В.Б. А помнится ещё, как мечталось, как жилось в Перми, как хотелось в Москву, ведь все мы, провинциалы, совершенно по-чеховски стремимся в столицу? Кажется, тогда ты и литературным профессионалом не был, а занимался, как родители, медициной? Положа руку на сердце, не жалеешь, что не остался врачом?
В.Ш. Умеешь ты, критик, задеть за живое и так спросить, что надо несколько романов написать в ответ на очередной пассаж. Помню, прекрасно помню, как пришёл шестнадцатилетним на первый курс пермского медицинского, как занимался спортом и на длинных дистанциях свободная от бега или ходьбы голова стала вдруг выдавать стихи. А на третьем курсе хотелось бросить учёбу и пойти в литературный, но уже поздно было, надо было заканчивать. Как раз через неделю собираются мои однокурсники в Перми, прошло ведь 40 лет после окончания, страшно подумать, все пенсионеры. И медицину я люблю, была бы возможность в молодые годы издаваться как сейчас за свой счёт, вполне был бы удовлетворён, подкопил бы деньжат и выдавал на-гора книжки сто-двести экземпляров. Но жизнь не имеет вариантов. Получилось так, как получилось. В Москву меня взяли по лимиту, честно-благородно отработал врачом положенные три года, пожил в коммуналке, слава Богу и родителям, переехал в кооператив и сменил скальпель на шариковую ручку и пишмашинку, став сначала старшим редактором отдела в "ЛГ", потом хлебнув "вольных хлебов" завредакцией в издательстве "Книга", как бы аналоге знаменитой в свое время "Academia" и так далее, остановки по расписанию и маршруту.
В.Б. Но как-то же ты учился сочинительствовать, были же у тебя идеалы или просто мечтал укорениться на довольно таки скудных пажитях отечественной словесности?
В.Ш. Было всё, как у всех. Когда начинал в Перми, где каждый год всем миром обсуждалась очередная моя рукопись, и я резонёрствовал, мол, пишу на среднем советском уровне, и надо меня просто издавать, а меня ежегодно укоряли, что не приблизился пока к уровню Лермонтова и Блока. Перепечатывал по сто раз очередные стихи и рассылал их по журналам, получая чаще стереотипные отказы, но иногда, когда попадался талантливый консультант, чаще сам только-только начавший публиковаться, ответ был благожелательным и по существу. Раз выдалась возможность, помяну добрым и благодарственным словом В.Леоновича и К.Левина. С последним у меня была даже чуть ли не двухлетняя переписка. Главной же поддержкой было неукротимое самообразование, в областной и городской библиотеках прочитал-переворочал целые монбланы и эвересты. Давно столько не читаю. Переписывал от руки и перепечатывал на машинке полностью книги "Русская поэзия" Ежова и Шамурина или "Письма о русской поэзии" Н.Гумилева, раннюю и среднюю прозу Пастернака, американский трехтомник О.Мандельштама. Позже уже появилась возможность приобрести подлинные издания и поставить на домашнюю полку. "Благословляю первый шаг и тот надрывный дых, когда нашла моя душа учителей своих". Затем были добрые письма от Е.Винокурова, А.Межирова, П.Антокольского, кому самый нижайший поклон, Т.Глушковой. Визиты к Тарковскому, Самойлову, В.Соколову и Л.Мартынову, хотя никогда не втирушествовал. Вот и сейчас живу довольно одиноко, только посещаю редакции, которые что-то публикуют или заказывают. Главная жизненная задача — издать всю написанную прозу.

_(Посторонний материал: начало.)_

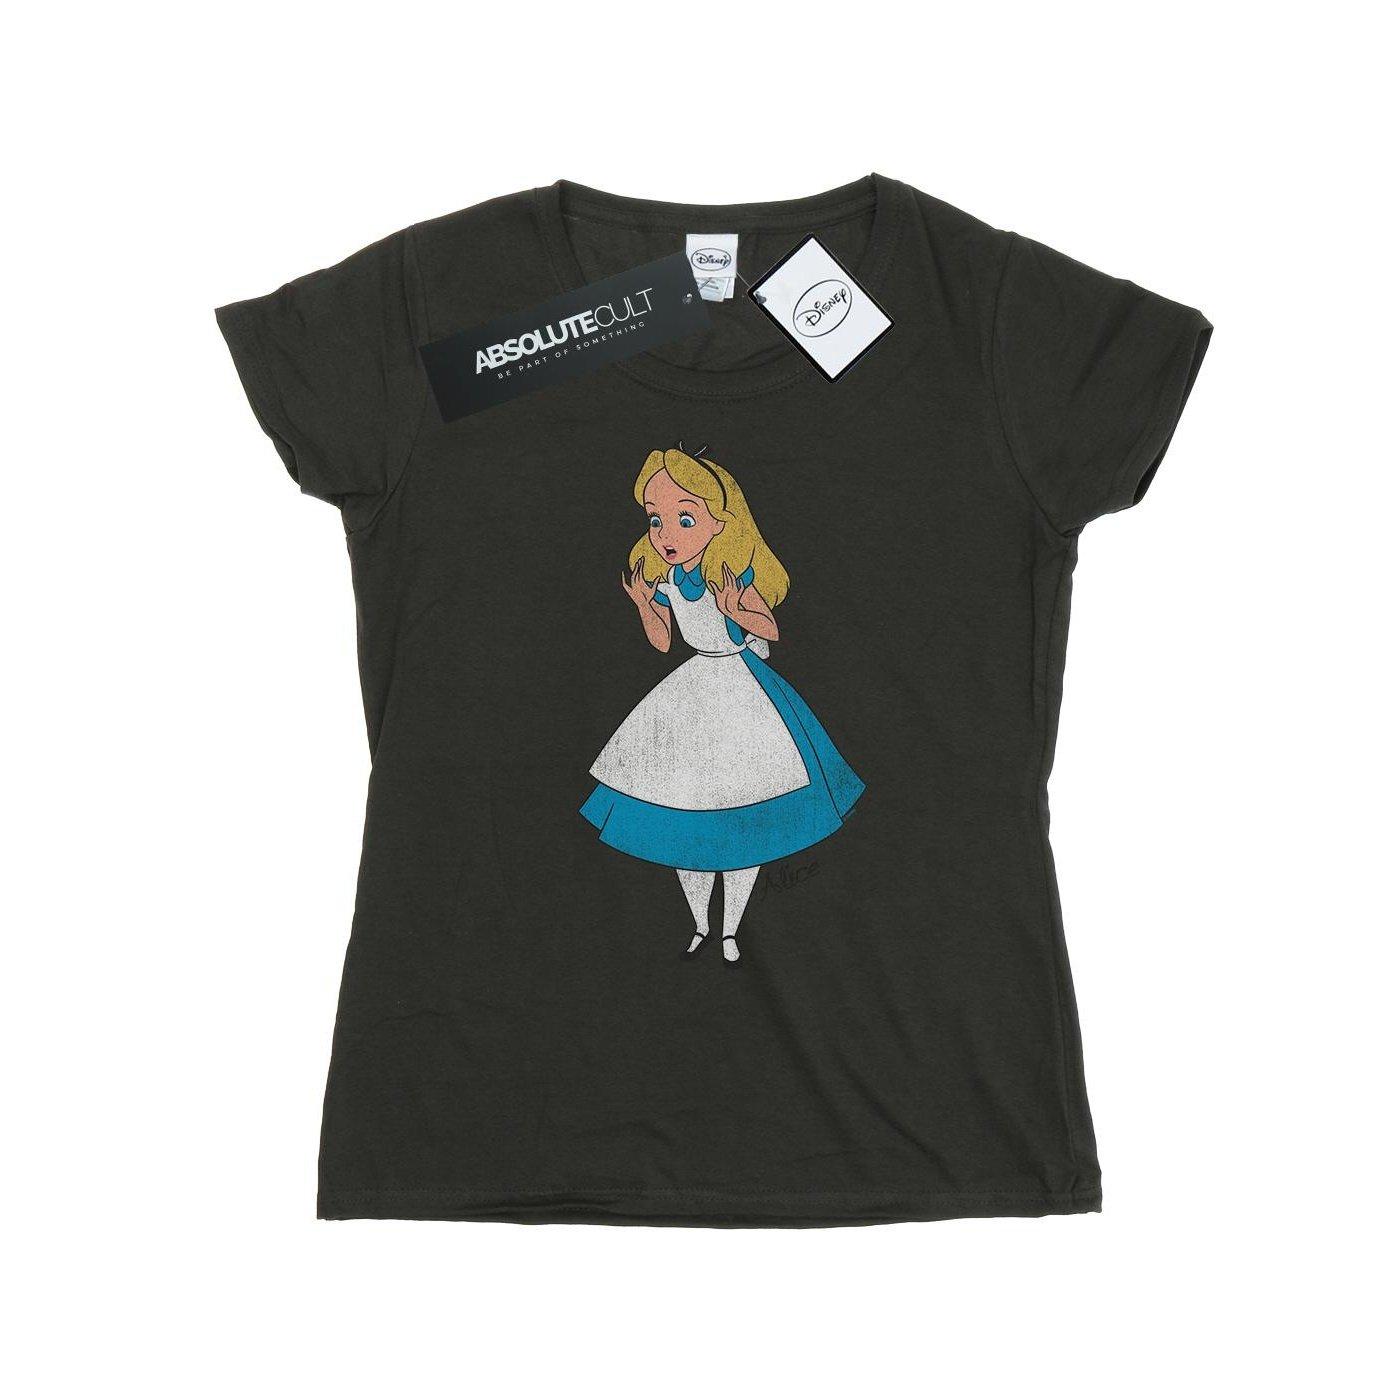 Tshirt Damen Taubengrau XL von Alice in Wonderland

В.Б. А ощущаешь ли ты как-то своё поэтическое поколение, вот "шестидесятники" вроде так и ввалились мощной ватагой, а наше поколение как-то подкачало, хоть и стоим давно "на роковой очереди", а до сих пор как-то недопроявлены тенденции и характерные особенности припозднившейся генерации?
В.Ш. Конечно, поколение есть, может быть, не столь яркое и мощное, как предшественники, а чего собственно ожидать — общего сплачивающего испытания не случилось, ярких миражей политики не сотворили, а уж предтечи наши потоптались на душах и судьбах преотменно. Да и критики-одногодки (это и в твой огород камень, Володя) занимались в основном обслуживанием предшественников. Так называемые "обоймы" что в советское время, что сейчас — чаще от лукавого. Читать ведь многим некогда и незачем, надо успевать только свои построения проталкивать, но уж если кто всерьёз прочтёт, то найдёт и поколение, и отдельных покрупневших представителей.

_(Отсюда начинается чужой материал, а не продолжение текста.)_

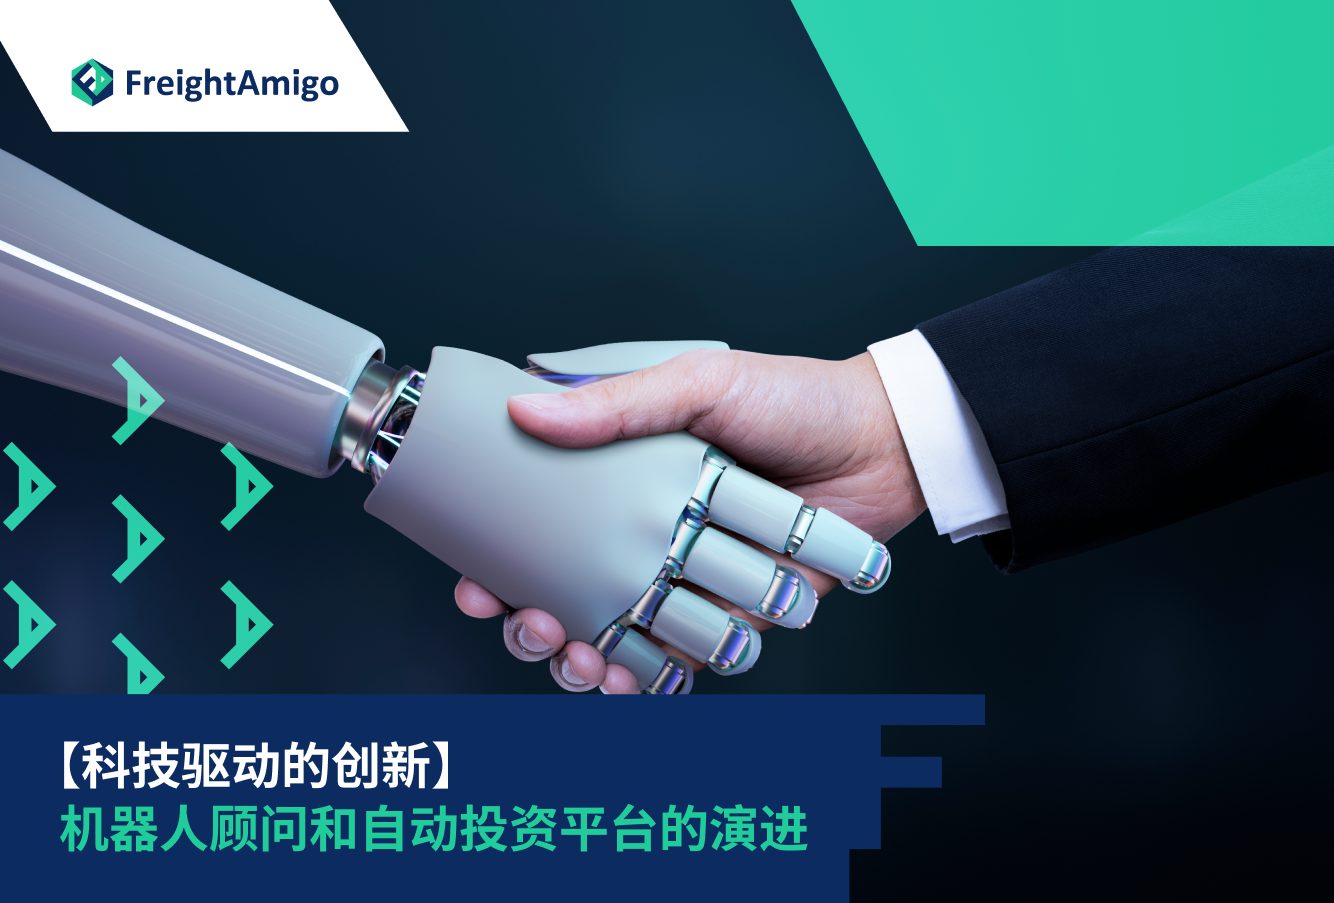 【科技驱动的创新】机器人顾问和自动投资平台的演进

Впрочем, в России много писателей и не надо, на одно столетие вполне хватит пяти-десяти, а у нас каждый год не по одному гению каждая литературная тусовка объявляет, только что-то пройдёт пара-тройка лет и как-то рассасывается явление. Господи, какие только светочи ума блистали в 60-е, 70-е, 80-е, 90-е… Вот уже XXI век свою "десятку" заканчивает, поглядываю я журналы-"толстяки", а там "однаробразно" и "дорогойченко".
Назову недавно ушедшего Толю Кобенкова, в приличного литератора выписался, иногда почитываю своего однокурсника-читинца М.Вишнякова, из моего же семинара вышли М.Синельников (пусть он и недоучился), Т.Реброва, Н.Орлова. А уж самый знаменитый однокурсник, пожалуй, Г.Остер, о чём в институтское время никто и не предполагал.
В.Б. Не пора ли писать мемуары?
В.Ш. Пора-то пора, но пока нас ещё много и у каждого своя версия. Тут погодить надо, мемуары ведь тоже художественные штуковины, для них и вдохновение нужно, и издательский заказ, и определённый навык.
В.Б. А вот такой каверзный вопрос: ты, Виктор, смолоду был почти диссидентом, долгие года под известным всем нам "колпаком", в силу книголюбия и переводческой страсти чуть ли не "западником", как тебя угораздило угодить в так называемые "патриоты", причем не сегодня, когда это уже вроде "прилично", а на заре девяностых, когда, я знаю, твои друзья-либералы это весьма не приветствовали?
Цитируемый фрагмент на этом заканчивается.